Its no problem it happens to grape wood all the time when being first added to a tank. Plecos will consume it quickly or you can take it out and scrub it off with a tooth brush. Dont worry about your fish.


----------



## scottysgirl (Jan 10, 2007)

Has anyone ever tried treating wood with polyurethane, I've heard that can be done and that it works well for preventing fungus/release of tannins.


----------



## angel lover (Feb 1, 2007)

Thanks you guys for all the replies. I think I will just watch it a while longer and keep the "stuff" cleaned off the wood.


----------



## satwood (Oct 6, 2007)

So, I'd like to reprise this thread if I could. I just also added a big hunk of grapewood to my 20 gal long tank. It almost immediately fuzzed up. I prepared it by pouring boiling water over it and letting it sit all night in a tub. I did NOT boil it because I feared I would have made it split. The wood was dry when I bought it and sold for terrarium and aquarium use at the store.

The fuzz or fungus has been off and on now for about 2 weeks and does not seem yet to be going away. Does anyone know what it actually is? Should I be worried about it?
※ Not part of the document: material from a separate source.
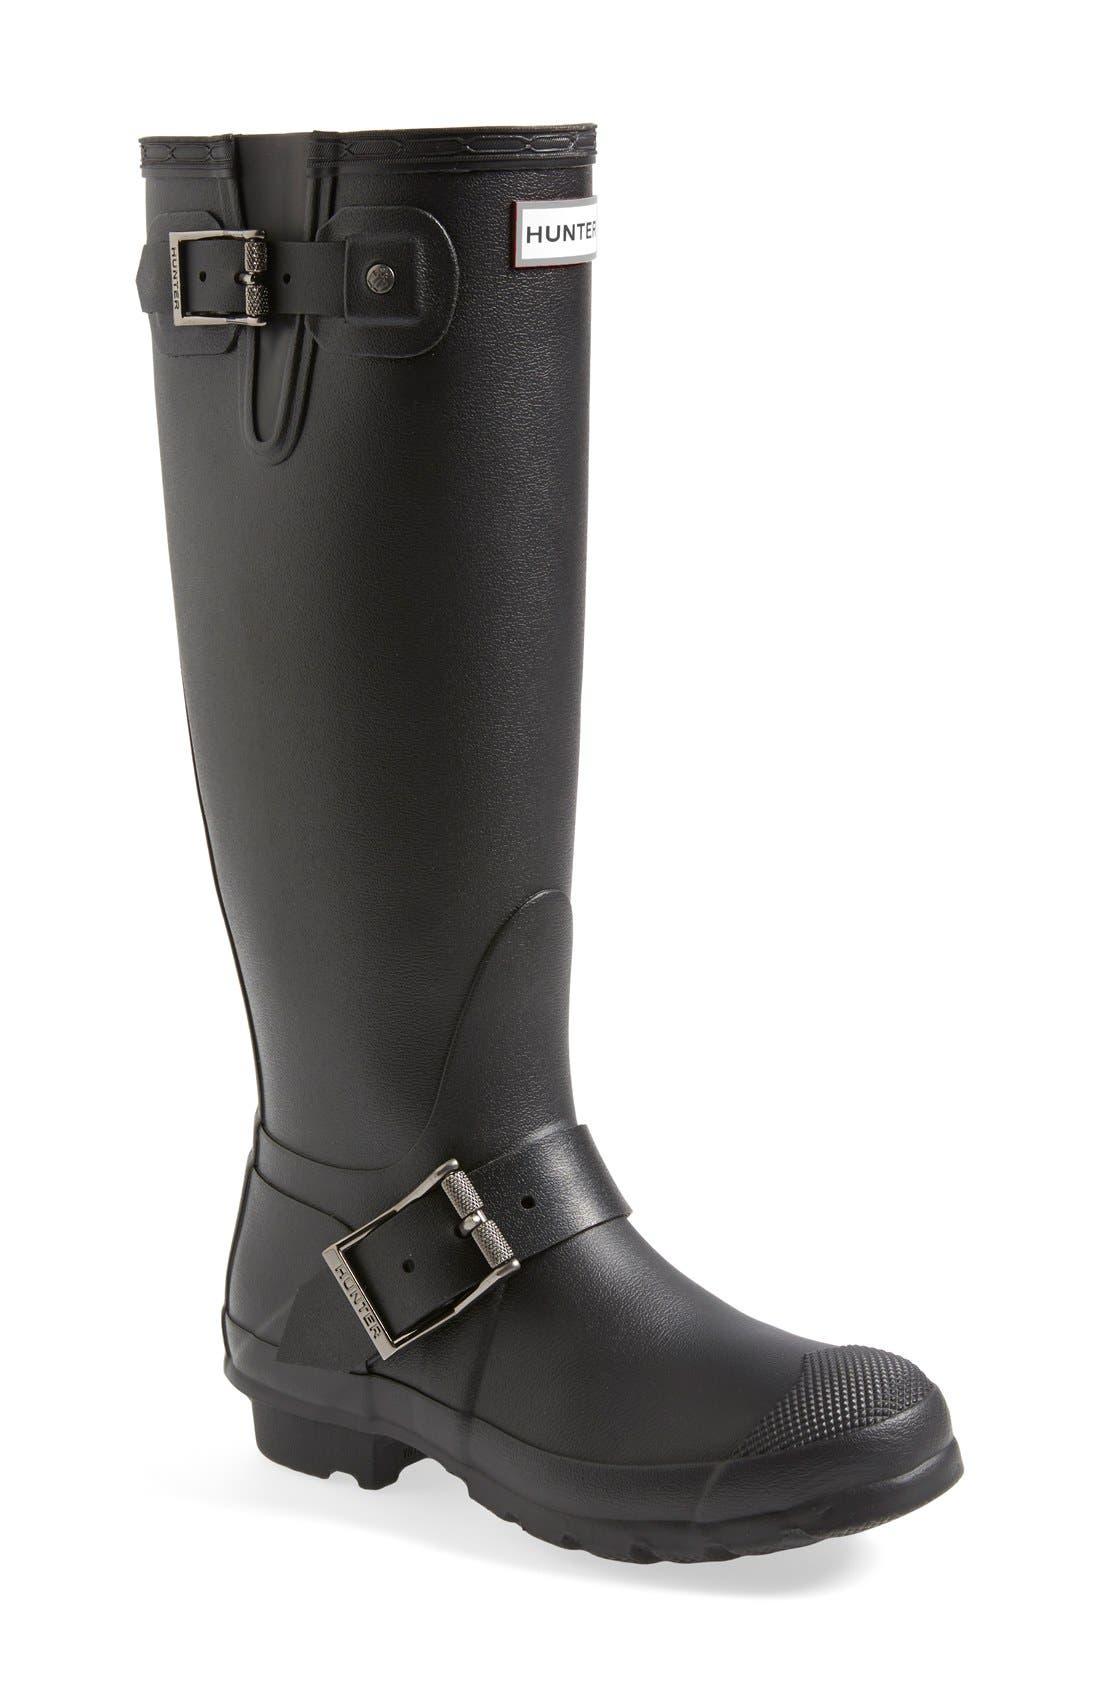 Alternate Image 1 Selected - Hunter 'Tall Moto' Rain Boot (Nordstrom Exclusive) (Women)

My water is about ph7.4 and my amonia, nitrate and nitire numbers are all 0 - minimal. The tank has been up and alive since last September.

Thoughts?


----------



## Lupin (Aug 2, 2006)

satwood said:


> So, I'd like to reprise this thread if I could. I just also added a big hunk of grapewood to my 20 gal long tank. It almost immediately fuzzed up. I prepared it by pouring boiling water over it and letting it sit all night in a tub. I did NOT boil it because I feared I would have made it split. The wood was dry when I bought it and sold for terrarium and aquarium use at the store.
> 
> The fuzz or fungus has been off and on now for about 2 weeks and does not seem yet to be going away. Does anyone know what it actually is? Should I be worried about it?
> 
> ...


In short, you are not supposed to use wood or vines of fruit-bearing trees as they have the tendency to produce molds which are messy and unsightly. Switch to mopani or any other suitable wood.


----------



## angel lover (Feb 1, 2007)

Lupin said:


> satwood said:
> 
> 
> > So, I'd like to reprise this thread if I could. I just also added a big hunk of grapewood to my 20 gal long tank. It almost immediately fuzzed up. I prepared it by pouring boiling water over it and letting it sit all night in a tub. I did NOT boil it because I feared I would have made it split. The wood was dry when I bought it and sold for terrarium and aquarium use at the store.
> ...


----------



## satwood (Oct 6, 2007)

OK, thanks for the feedback. Unfortunately for me a small family of baby red-wags has taken up refuge under the log and show no signs of wanting to sell. So, I'll probably just live with it for a while, until I can catch them and move them to an isolation tank. 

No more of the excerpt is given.